Supplied material:
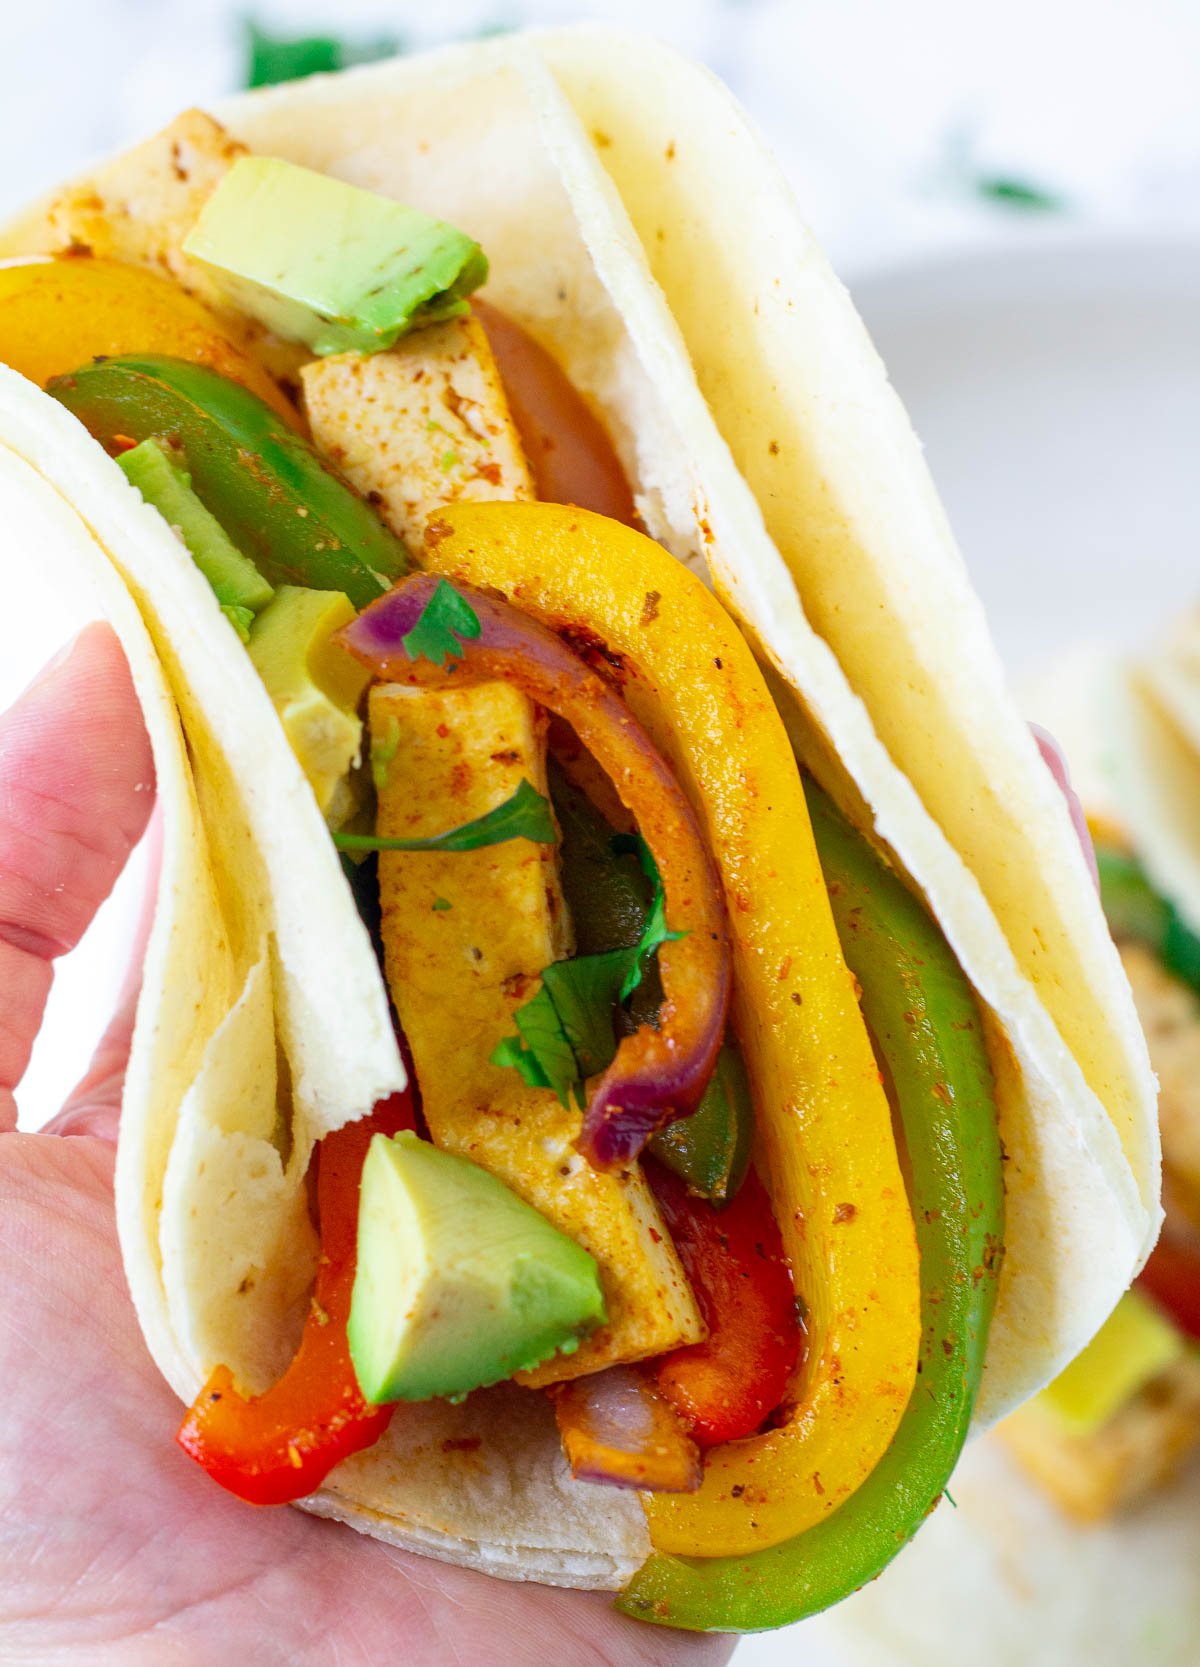 Hand holding a fajitas in a corn tortilla with tofu and peppers.
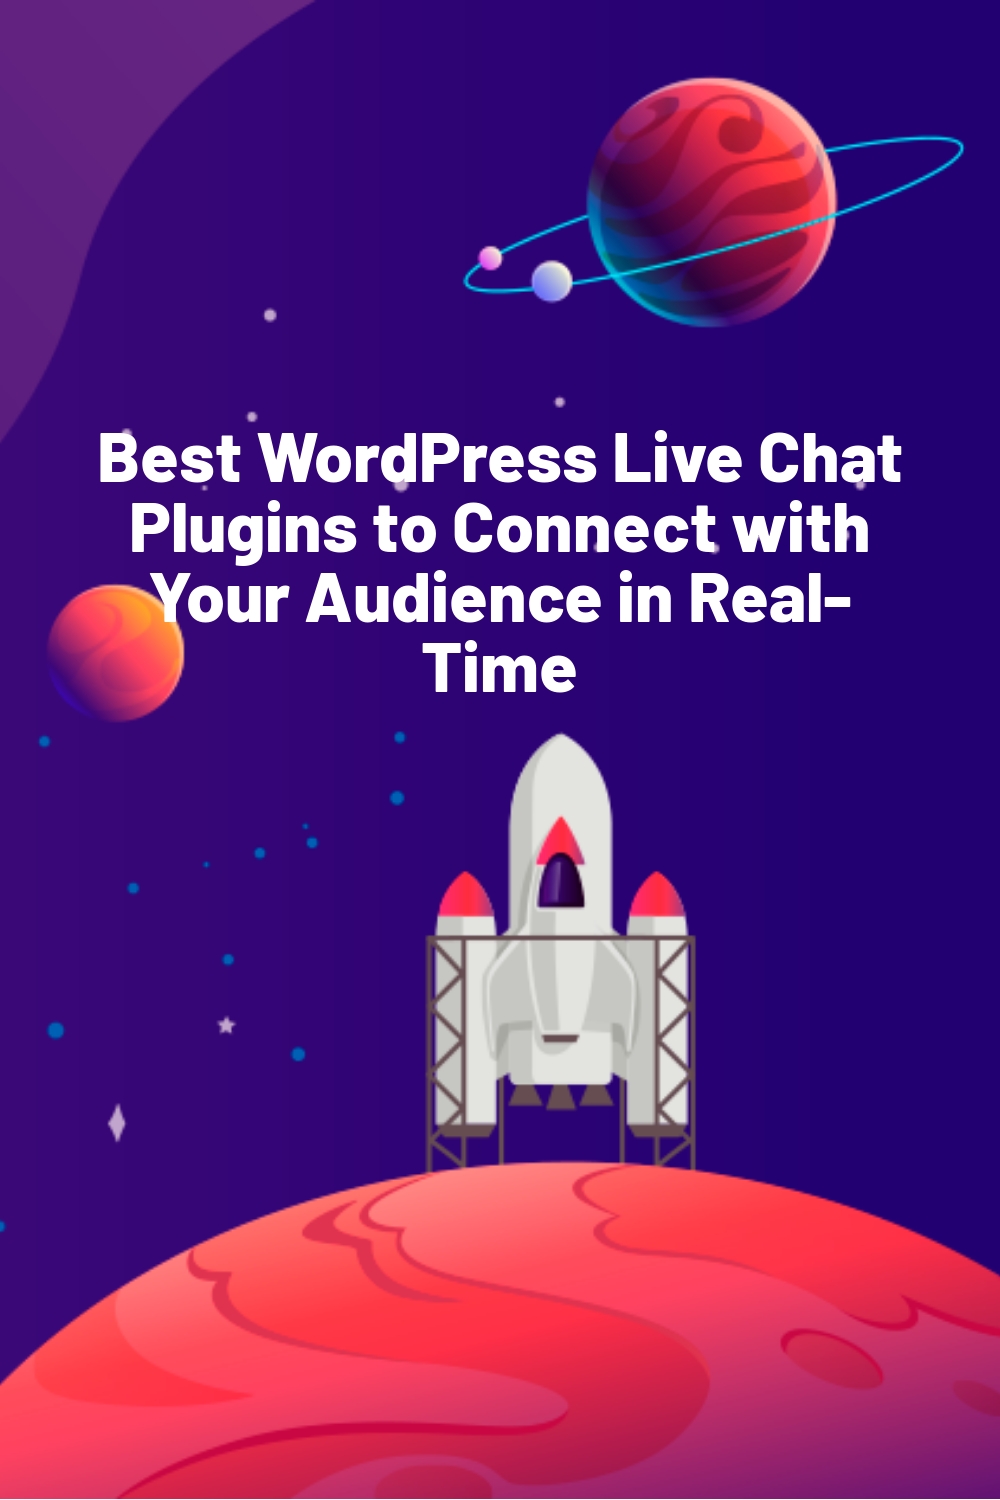 Best WordPress Live Chat Plugins to Connect with Your Audience in Real-Time
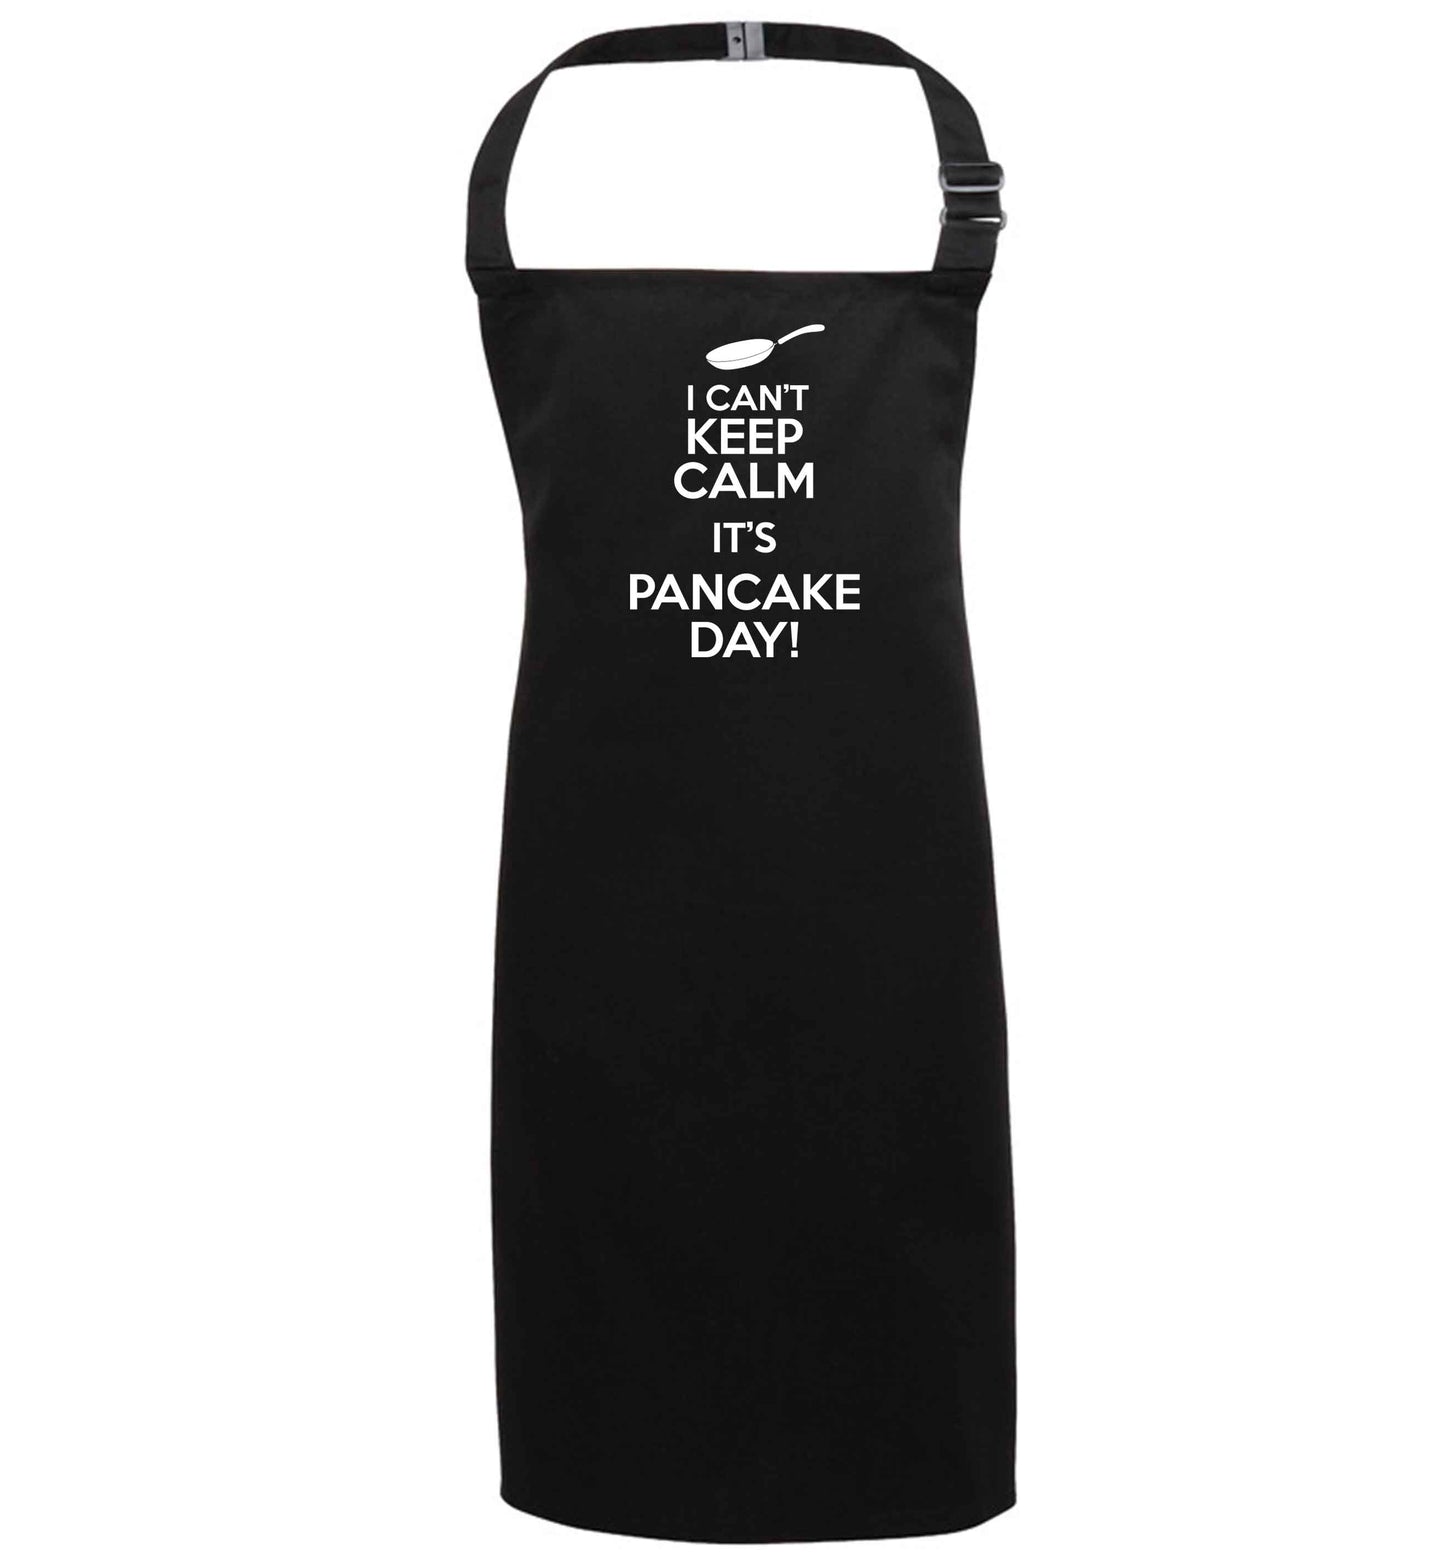 I can't keep calm it's pancake day! black apron 7-10 years

What is expected: Copy the whole of the material above exactly, and exclude every picture.

Solution for this exercise:
 Hand holding a fajitas in a corn tortilla with tofu and peppers.
 Best WordPress Live Chat Plugins to Connect with Your Audience in Real-Time
 I can't keep calm it's pancake day! black apron 7-10 years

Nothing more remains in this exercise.